Pile C (Practice Test)
Questions that were attempted but answered incorrectly.
Pile D (Practice Test)
Questions where the student did not know how to begin the problem-solving process.
Pile E (Practice Test)
Questions that were left unaddressed because the student ran out of time during the assessment.
Exploratory Data Analysis (EDA)
The essential diagnostic phase used to check if a dataset meets the necessary assumptions required for a hypothesis test.
Null Hypothesis (H0)
The hypothesis stating that a treatment has no effect and the sample mean will not differ significantly from the population mean (e.g., μ=28).
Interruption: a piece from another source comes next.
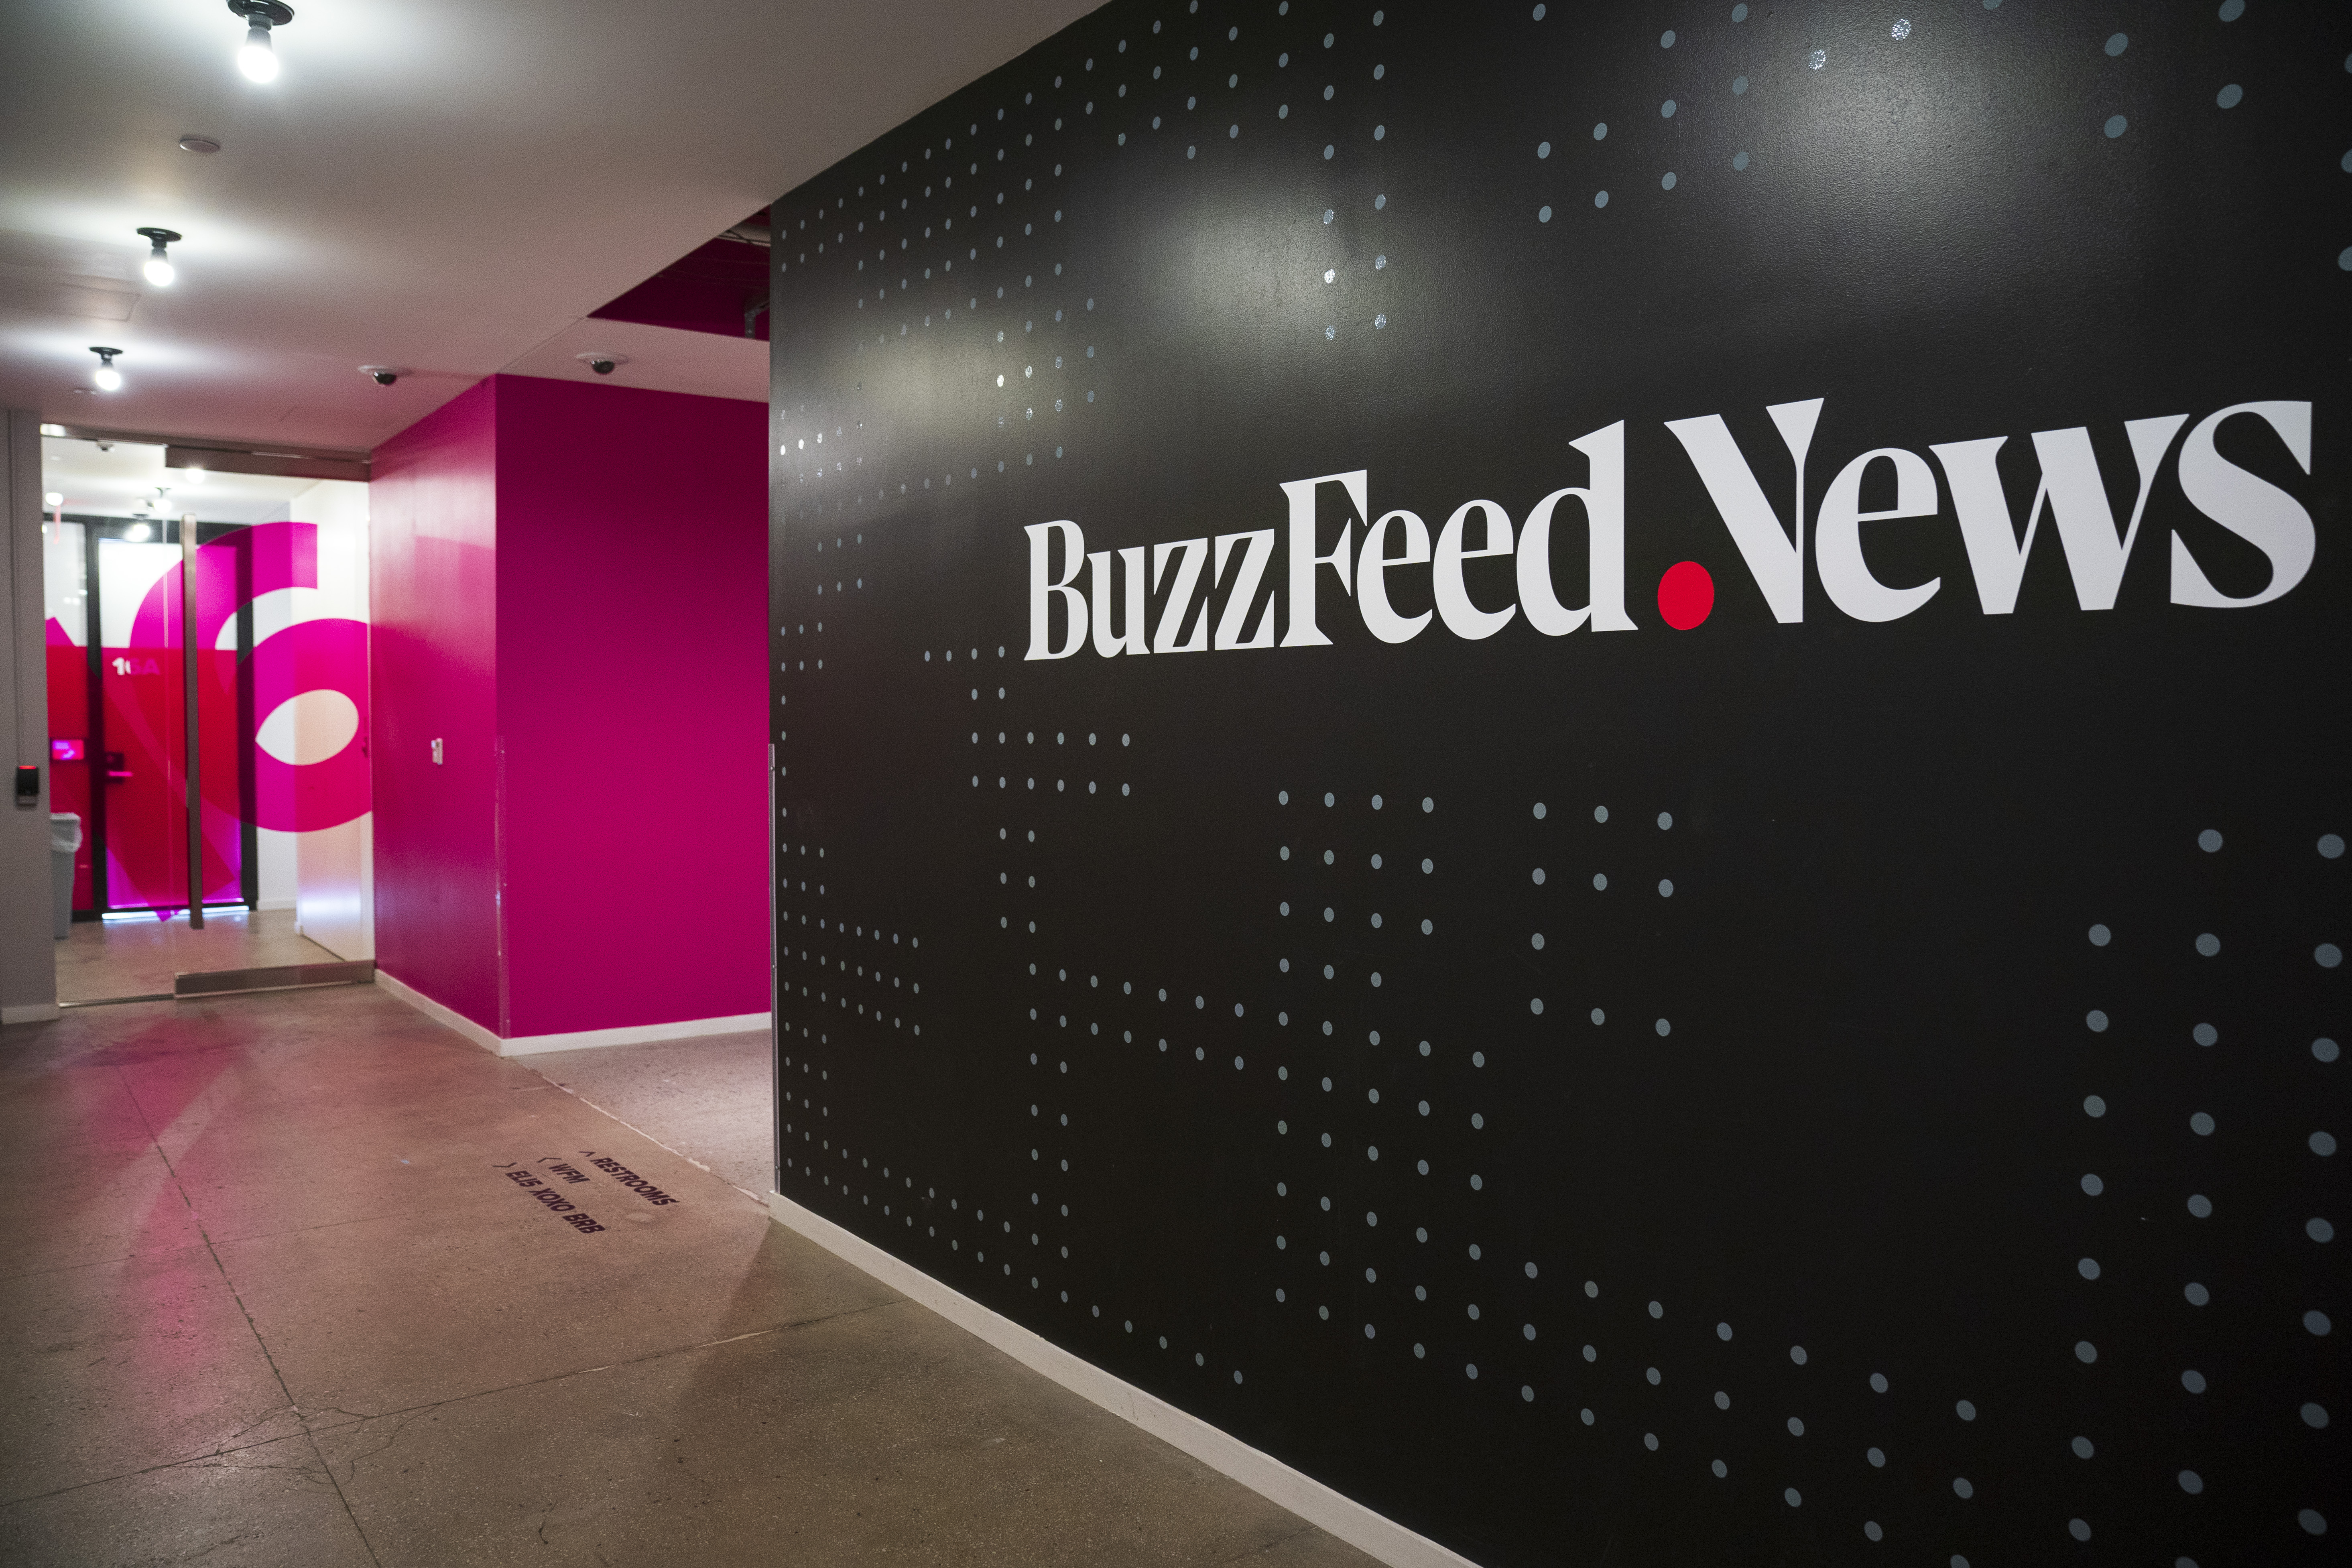 A BuzzFeed News logo adorns a wall inside BuzzFeed headquarters, December 11, 2018 in New York City. (Drew Angerer/Getty Images)

Alternative Hypothesis (H1)
The hypothesis stating that a treatment has a significant effect and the sample mean will be significantly different from the population mean (e.g., μ=28).
Population
The large group of individuals that a scientific study is intended to apply to.
Sample
The specific, smaller group of people who participate in a study to generate scientific data.
Parameter
A numerical value that describes a population, typically represented by Greek letters such as μ, σ2, or σ.
Statistic
A numerical value that describes a sample, typically represented by Latin letters such as M or xˉ, s2, or s.
Standard Error
The standard deviation of the Sampling Distribution of the Mean, indicating how much the sample mean is expected to miss the true population mean.
Point Estimate
A single value, such as a sample mean, used as a best guess for the true population average.
95% Confidence Level
The accepted compromise in psychology between confidence and utility, meaning 95 out of 100 intervals created using this method are expected to capture the true population mean.
Z-score (multiplier)
A standardized measure of distance; in a normal distribution, taking approximately 1.96 steps in both directions from the center captures 95% of the area.
Parametric Assumptions
The criteria required for parametric tests, including normally distributed data, interval data, and independent design.
Interval Data
Data where the distance between numbers represents equal amounts of the construct being measured, such as standardized test scores or reaction times.
Skewness
A measure of symmetry in a distribution; positive values indicate a pile-up on the left, while negative values indicate a pile-up on the right.
Kurtosis
A measure of the peakedness of a distribution; positive values indicate a pointy, heavy-tailed distribution, while negative values indicate a flat, light-tailed distribution.
Q-Q Plot
A Quantile-Quantile plot that maps observed data against a theoretical perfectly normal diagonal line to visually check for alignment with normality.
Interquartile Range (IQR)
The central 50% of the data, calculated as Q3−Q1, representing the distance between the 25th and 75th percentiles.
Mild Outlier
An observation that falls between 1.5×IQR and 3×IQR away from the upper or lower hinges of a boxplot.
Extreme Outlier
An observation that falls more than 3×IQR away from the upper (Q3) or lower (Q1) hinges.
Shapiro-Wilk Test
A formal statistical test for normality recommended for small sample sizes where N<50.
Kolmogorov-Smirnov Test
A formal statistical test for normality recommended for larger sample sizes where N≥50.
Significant Normality Test Result (p < .05)
Indicates that the sample distribution is significantly different from a normal distribution (i.e., non-normal).